Step 9: Create another EC2 instance to relay to
Back in the Launch an instance wizard create a second Amazon EC2 instance that we will connect to through the Tailscale subnet router:
- Under Application and OS Images select Amazon Linux or another supported Linux distribution.
- Under Instance type select the same instance type as before.
- Under Key pair (login) select a key pair to use for SSH.
- Under Network settings select the VPC you created above.
- Assign the instance to a private subnet of the VPC, and leave Auto-assign public IP set to Disable.
- Create a security group and allow all traffic inbound from the
tailscale-subnet-router
security group. - Select Launch instance.
Step 10: Verify your connection
SSH to your newly created private EC2 instance, using its private IP. The SSH session will flow through your Tailscale subnet router and into the private subnet.
Customer responsibility
After deployment, confirm that your resources and services are updated and configured—including patching the firmware and operating system of those devices.
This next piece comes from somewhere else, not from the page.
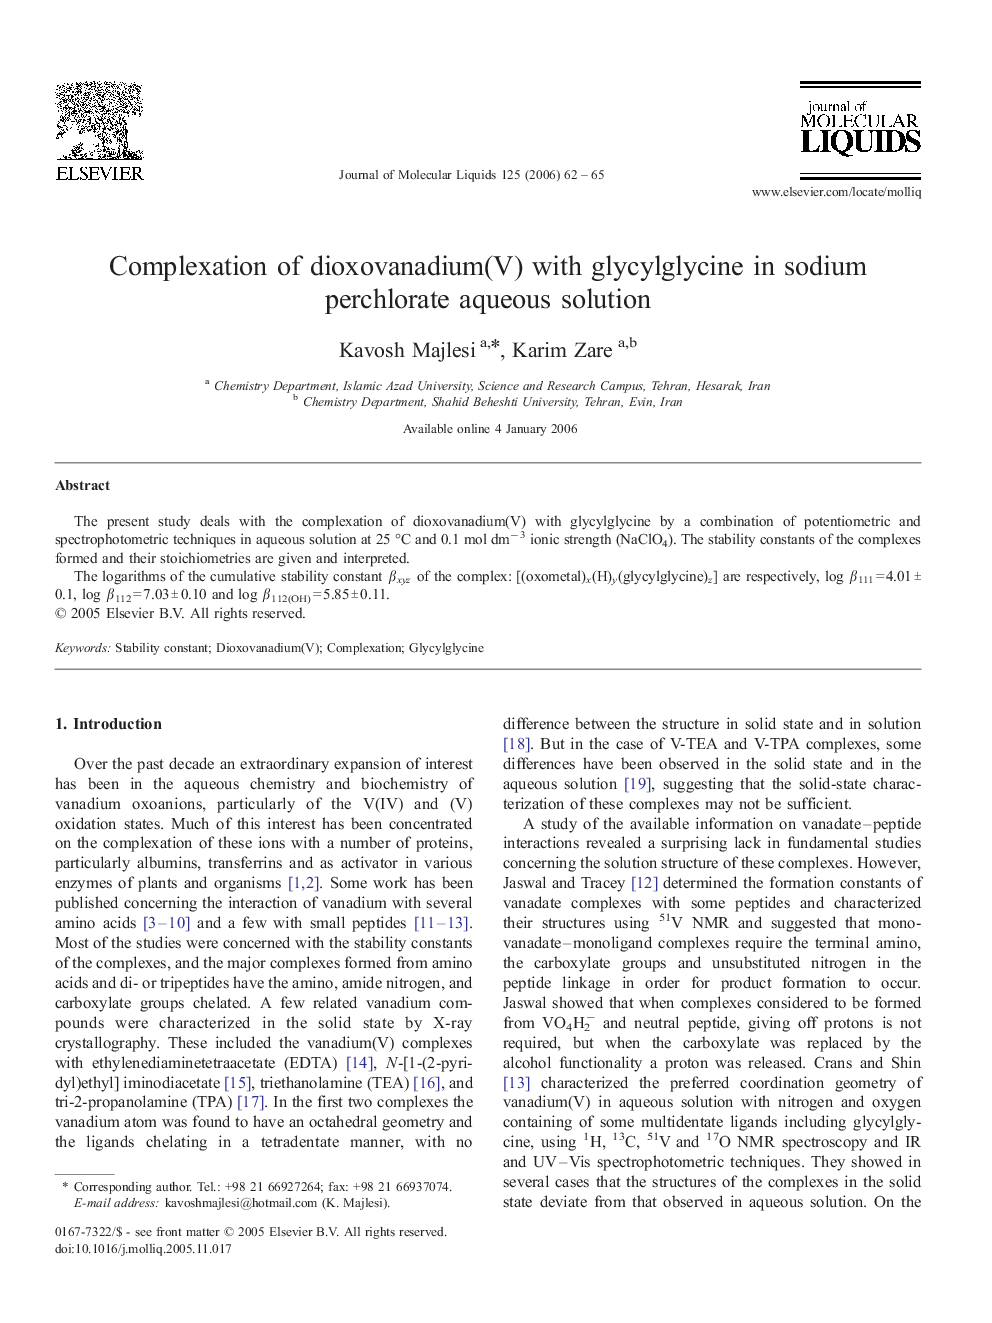 Complexation of dioxovanadium(V) with glycylglycine in sodium perchlorate aqueous solution
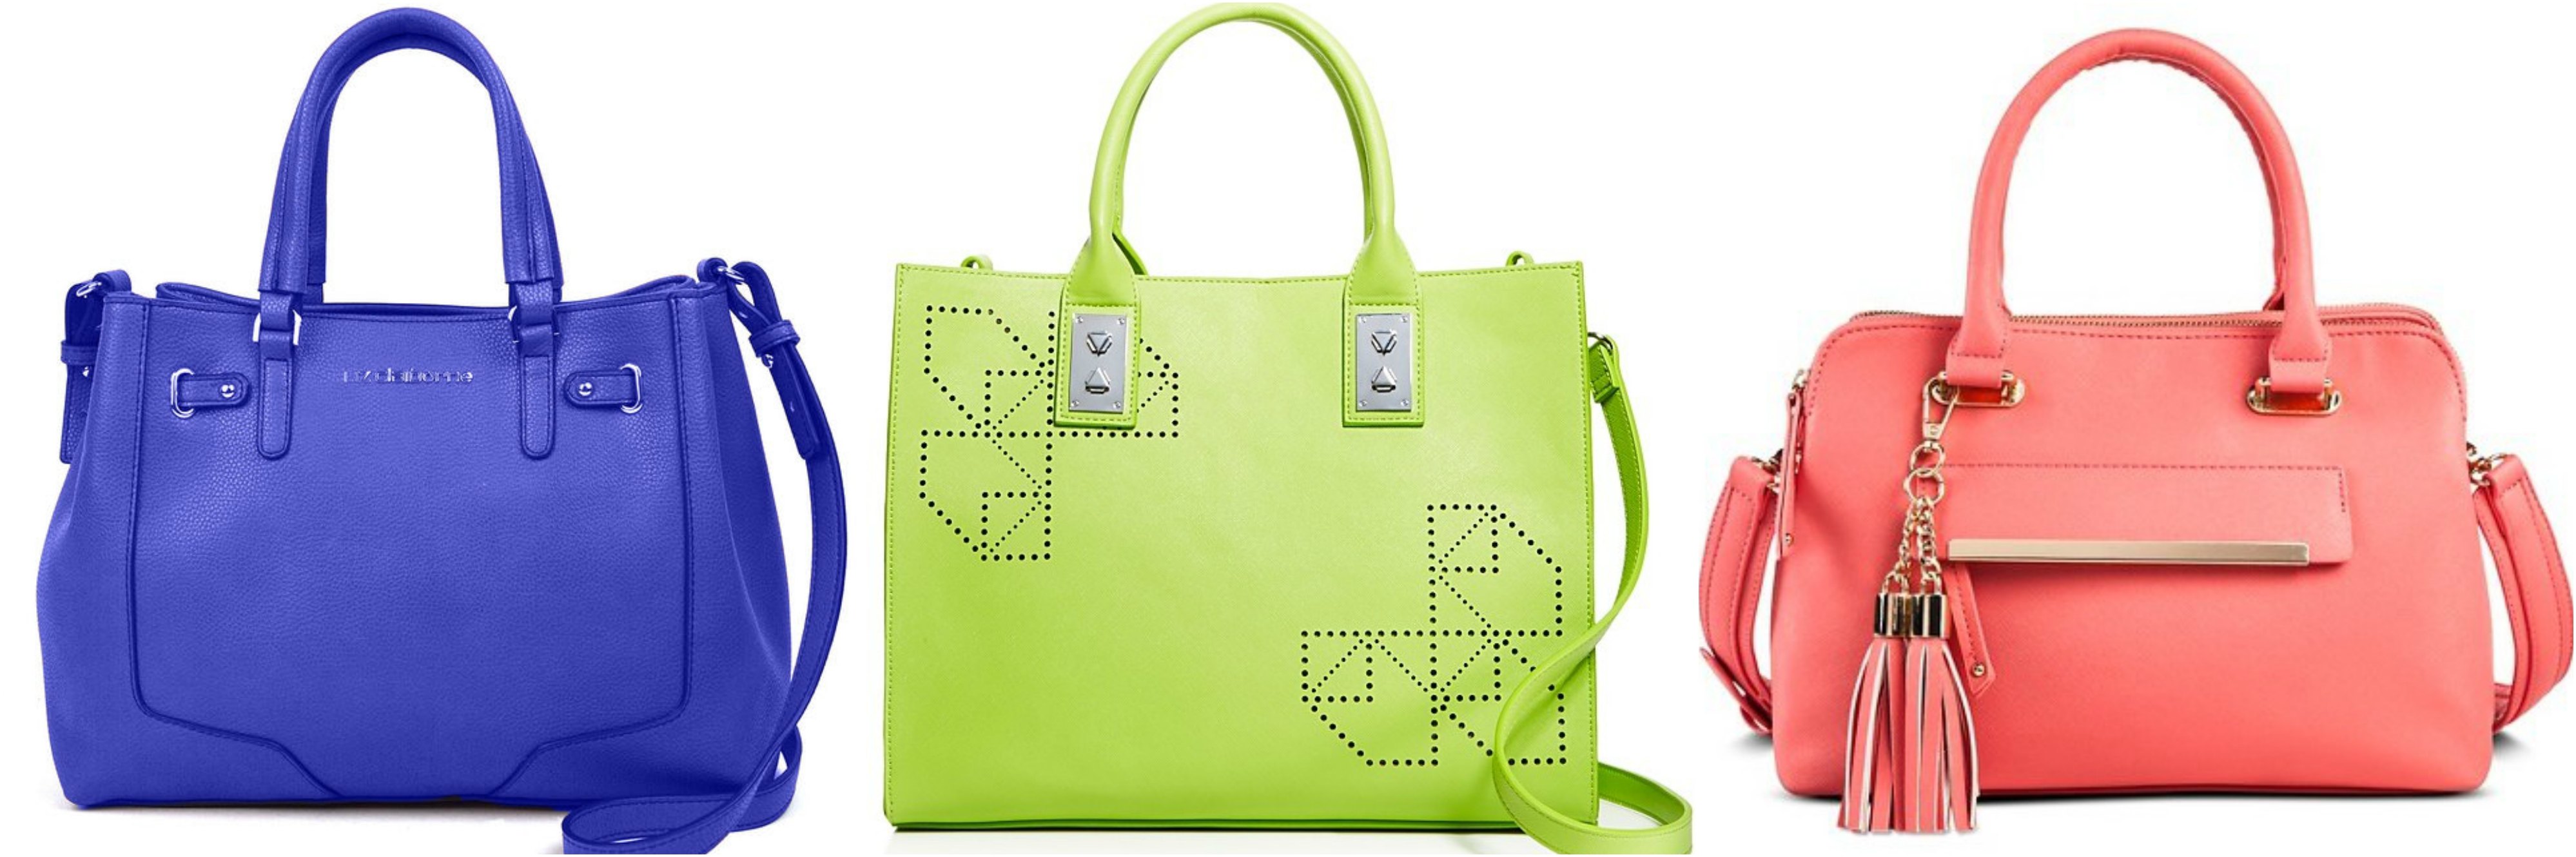 What I'm Shopping For // Colorful Handbags - Drew & Alice

For more information, refer to the shared responsibility model.
Support
Tailscale offers multiple support options with varying SLAs for response times. Contact support if you have any issues related to Tailscale setup or configuration.
Next steps
Server setup
If you’re setting up servers on Tailscale, we recommend you use an auth key to provision the server, and an tag to restrict its access.
High availability
Multiple subnet routers can be deployed across multiple availability zones and configured to advertise the same routes to achieve high availability failover.
4via6 subnet routers
If your network has subnets with overlapping IPv4 addresses, you can use the 4via6 subnet routers feature to ensure traffic from each node on your tailnet is routed to the correct device.